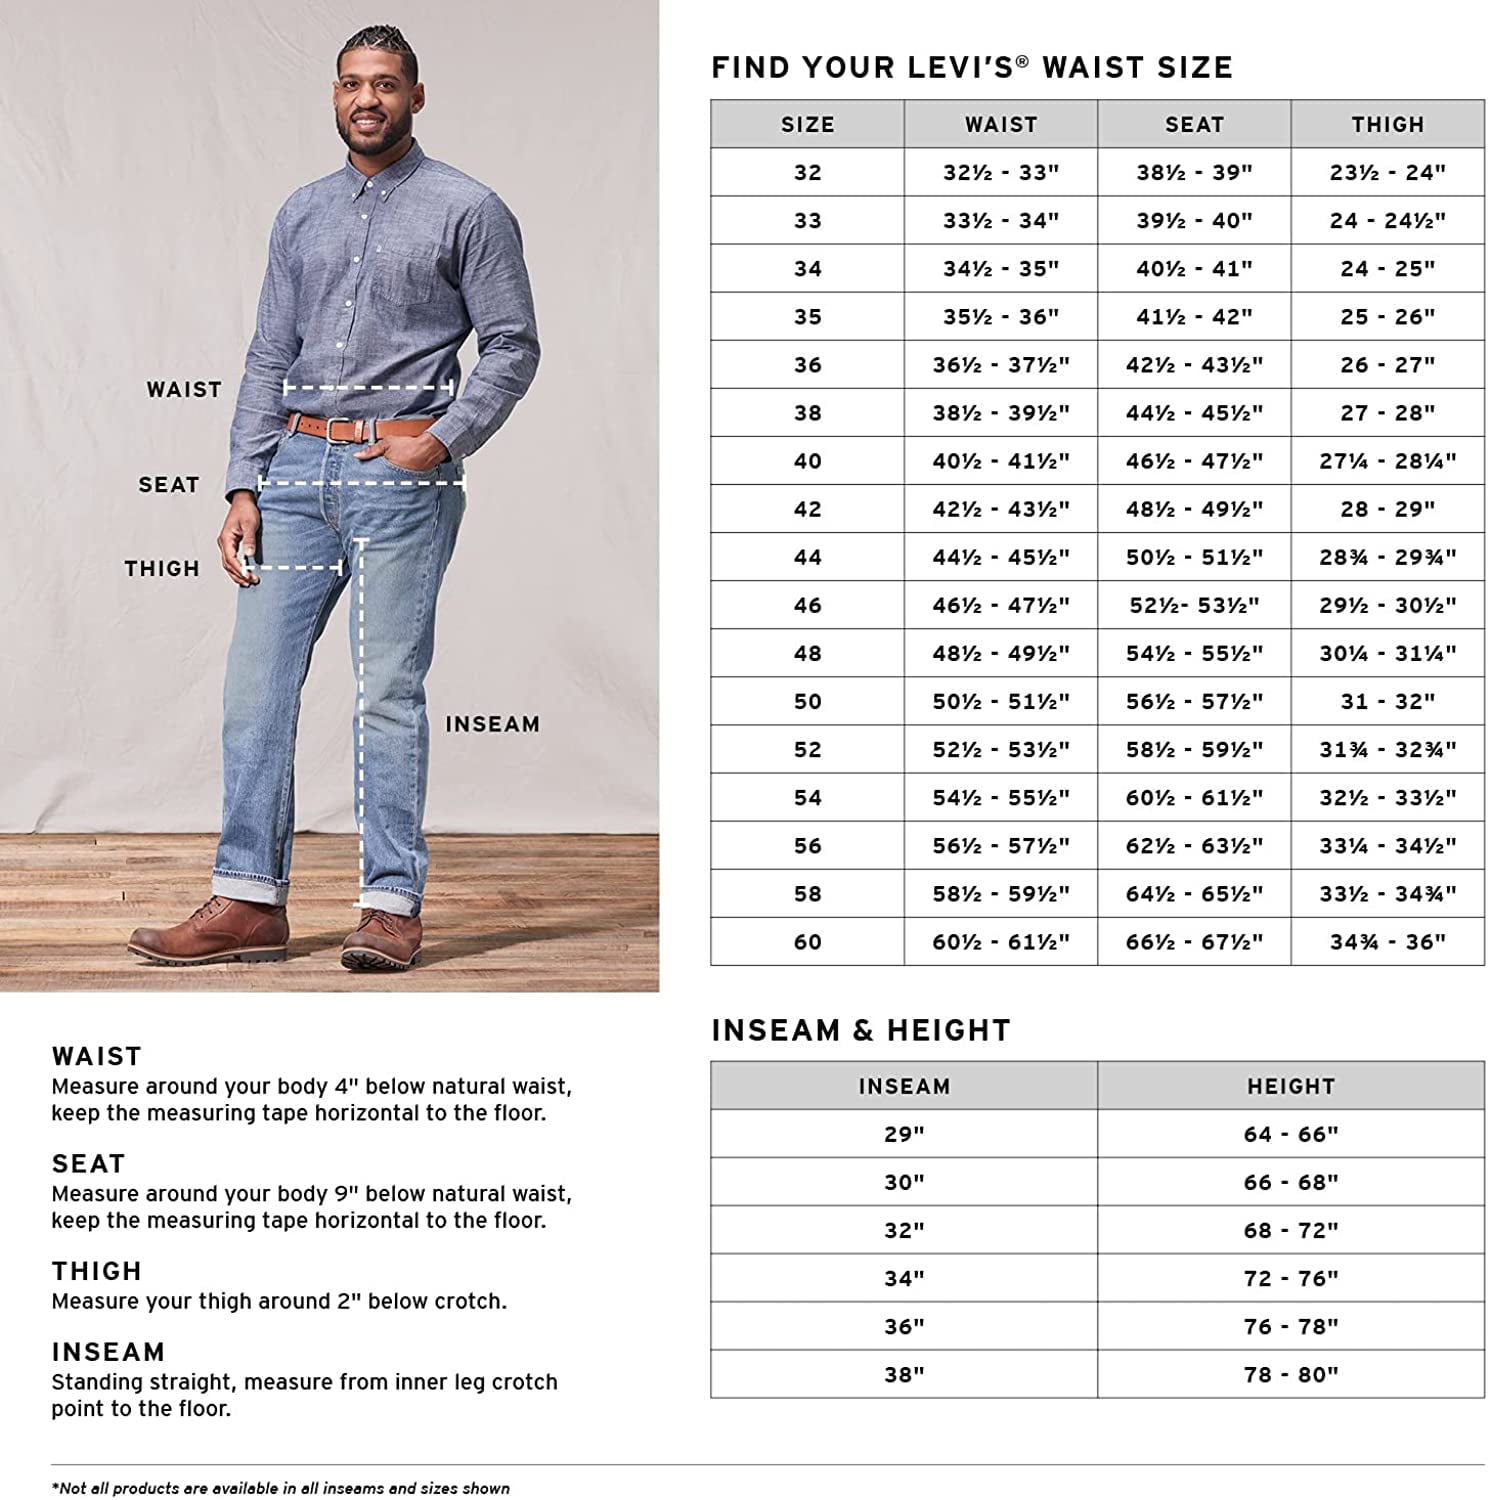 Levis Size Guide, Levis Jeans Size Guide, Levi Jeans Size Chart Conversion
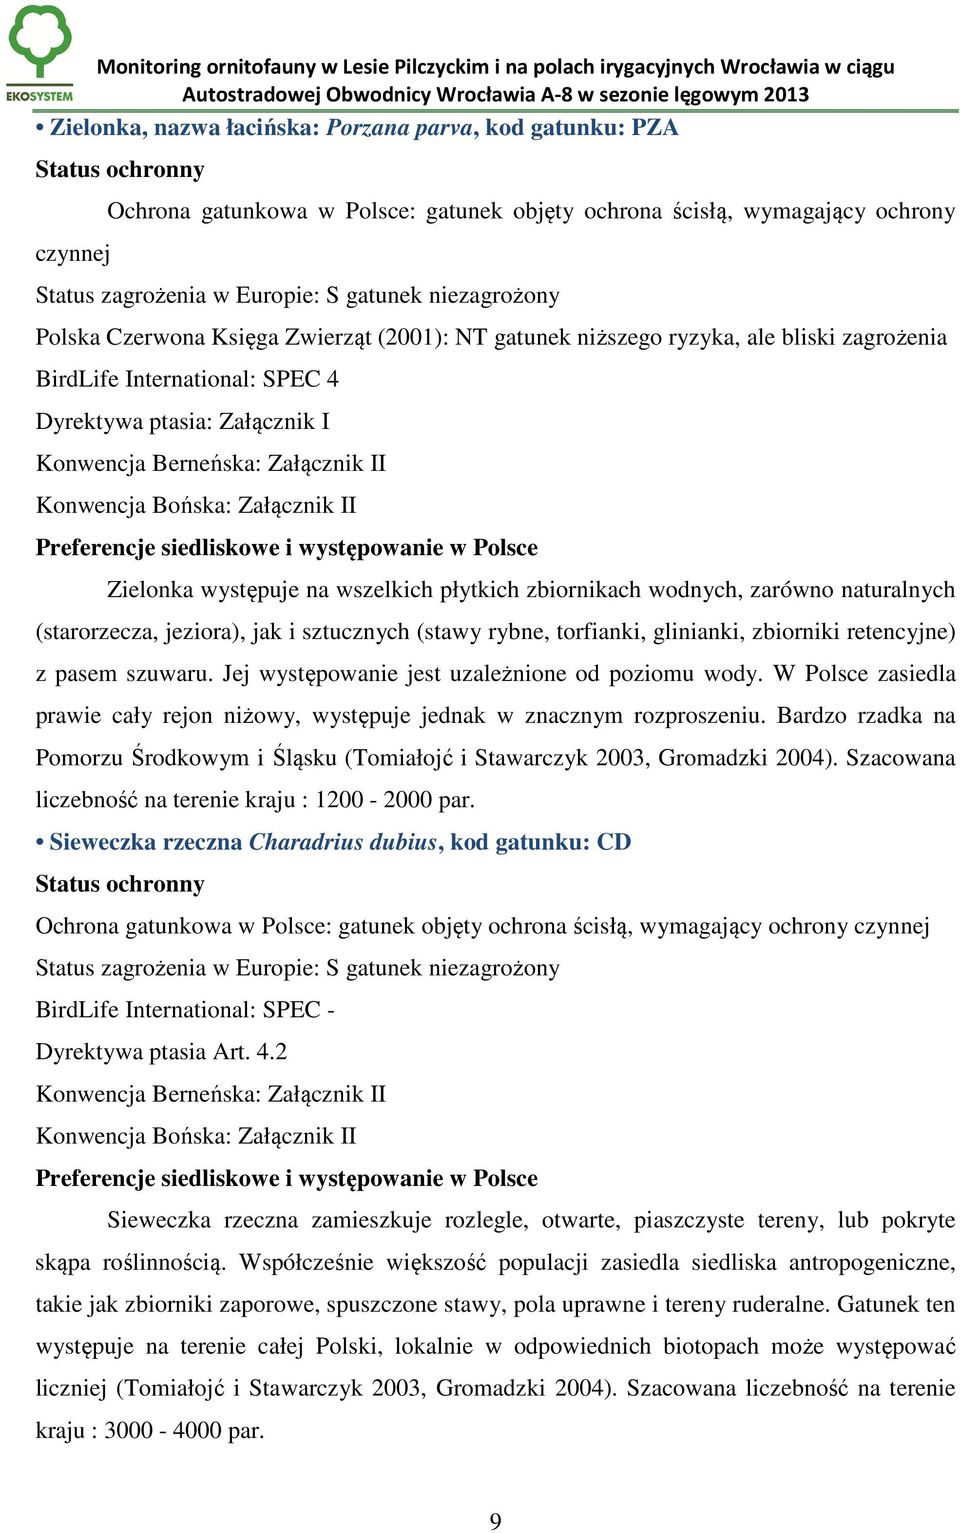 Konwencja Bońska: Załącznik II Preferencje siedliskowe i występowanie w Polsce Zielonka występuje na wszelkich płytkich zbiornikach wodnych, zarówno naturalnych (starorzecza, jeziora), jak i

********************

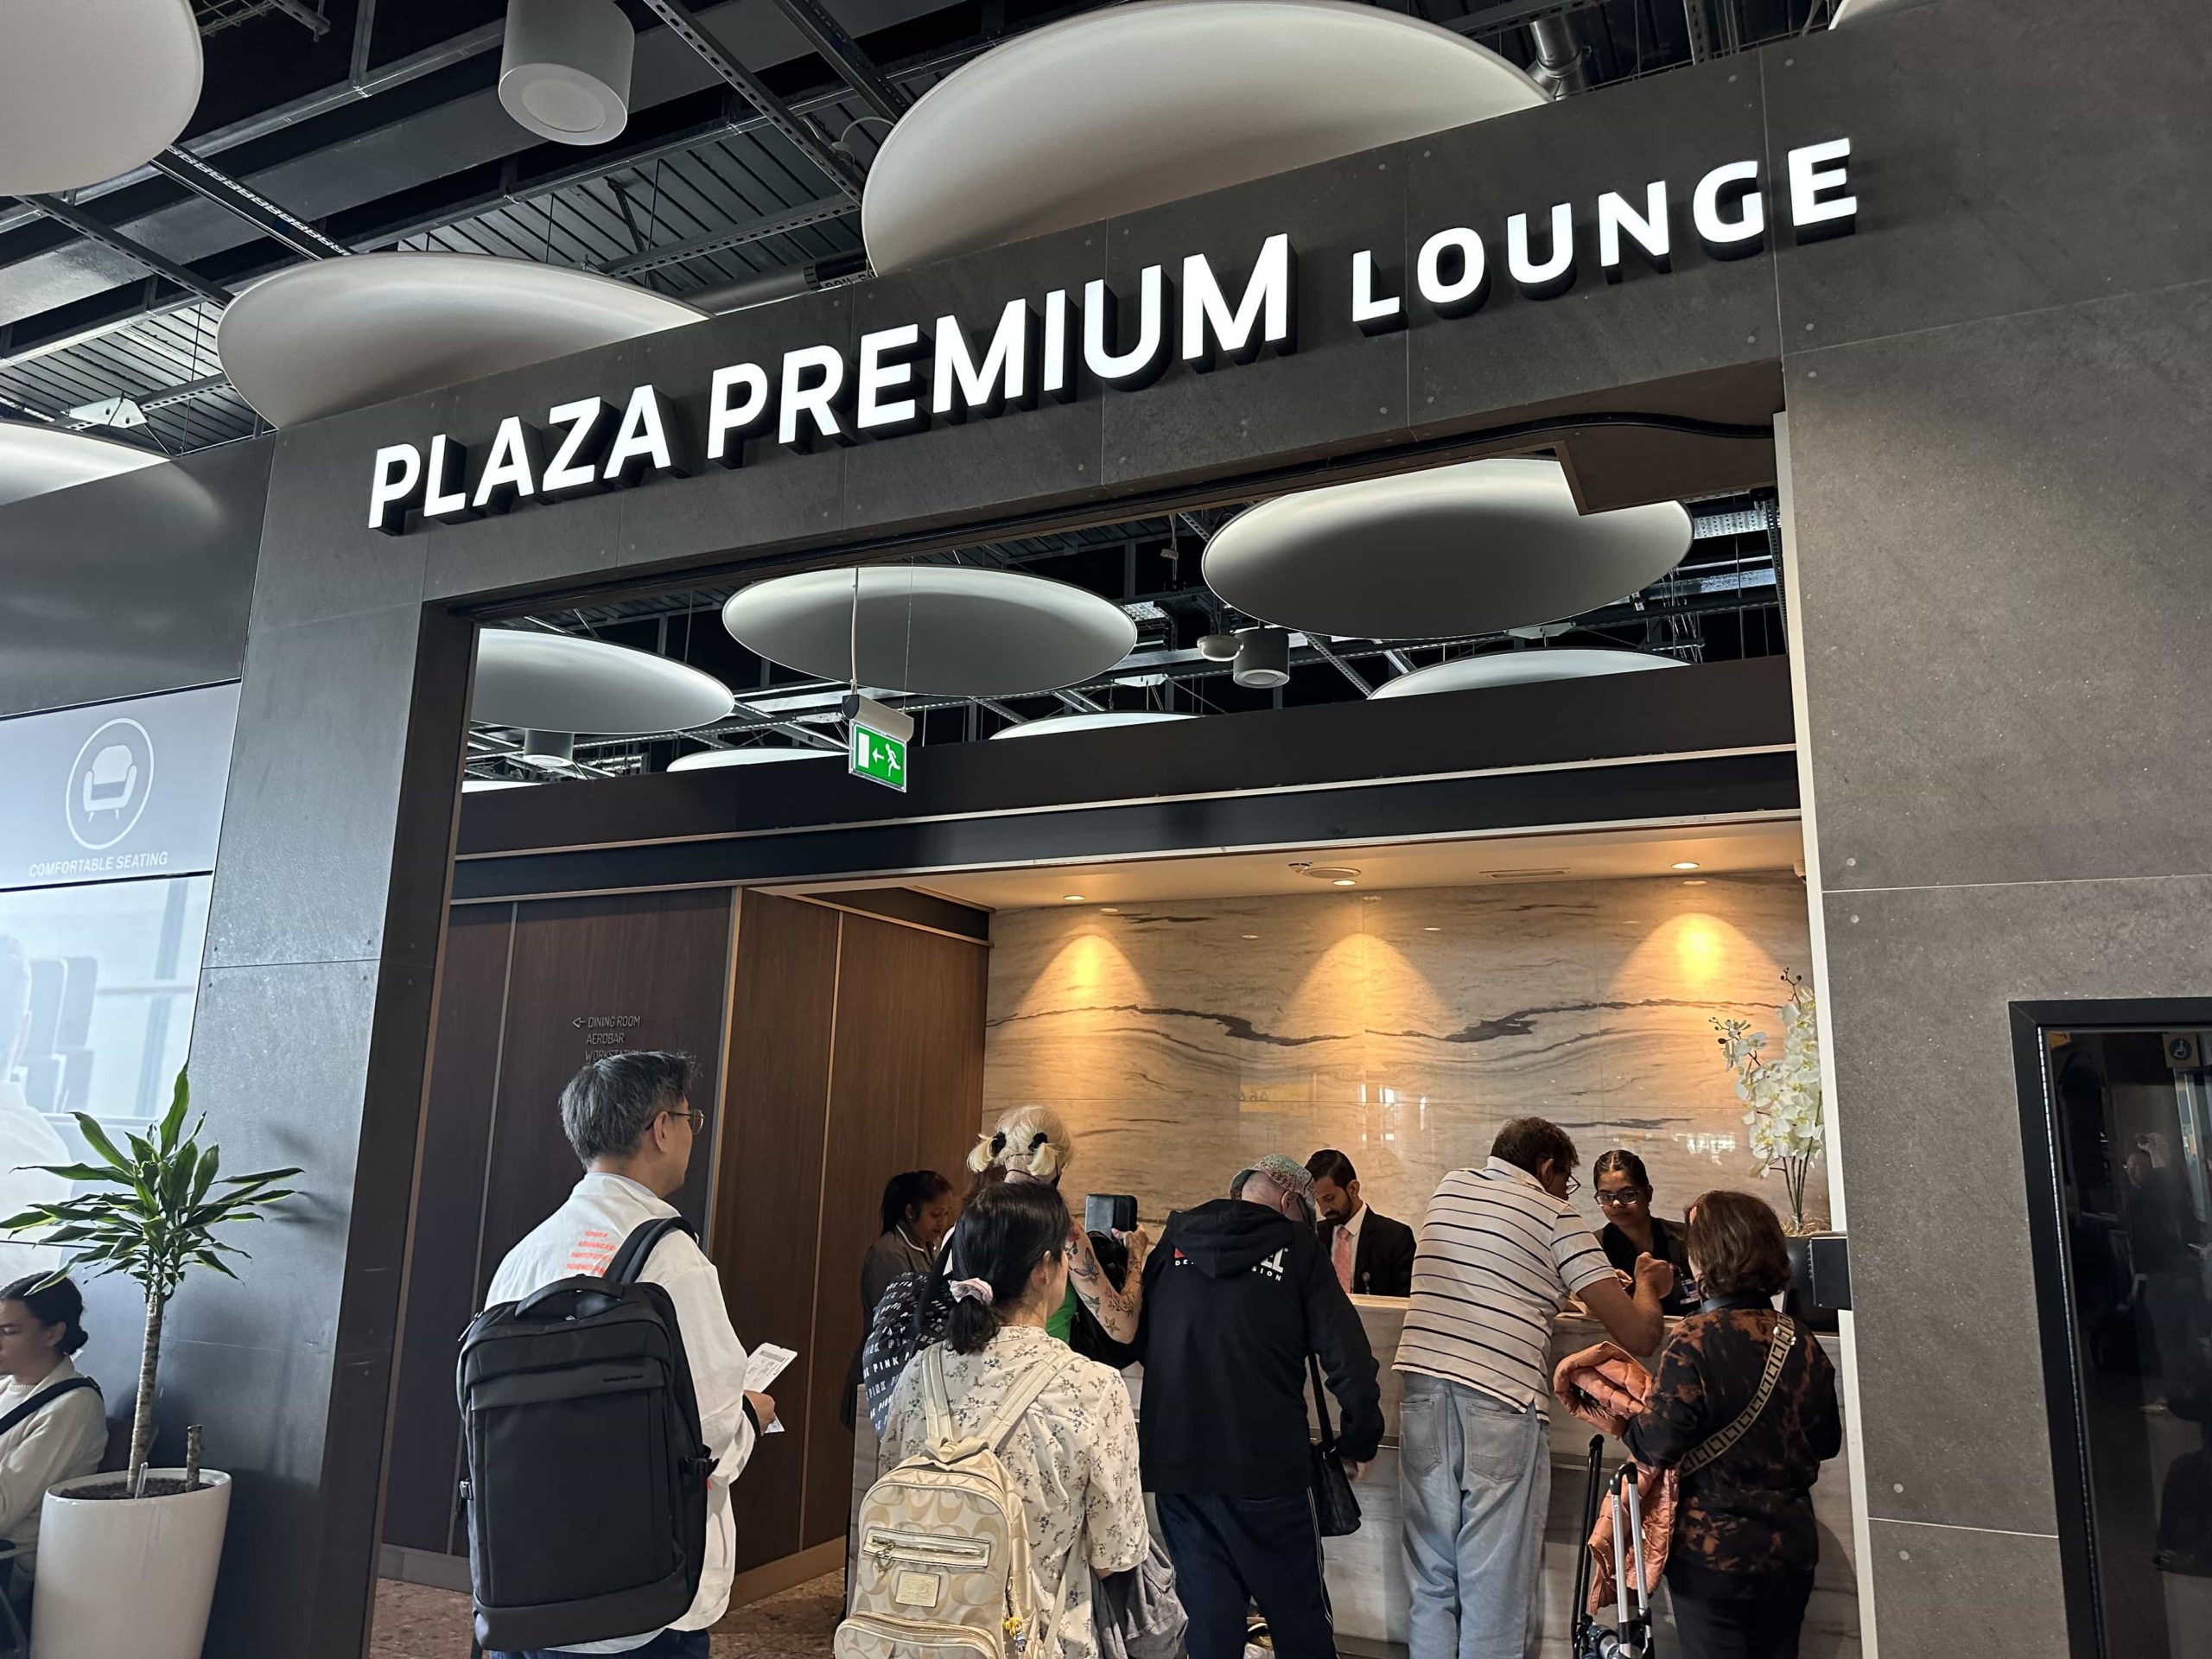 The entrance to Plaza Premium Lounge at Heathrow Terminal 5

********************

■ What you need to do
Above are the records; copy exactly the lines from the one with "Levis Size Guide, Levis" through the one with "Konwencja Bońska: Załącznik", including both, and nothing more. Leave out pictures.

■ Response below
 Levis Size Guide, Levis Jeans Size Guide, Levi Jeans Size Chart Conversion
 Konwencja Bońska: Załącznik II Preferencje siedliskowe i występowanie w Polsce Zielonka występuje na wszelkich płytkich zbiornikach wodnych, zarówno naturalnych (starorzecza, jeziora), jak i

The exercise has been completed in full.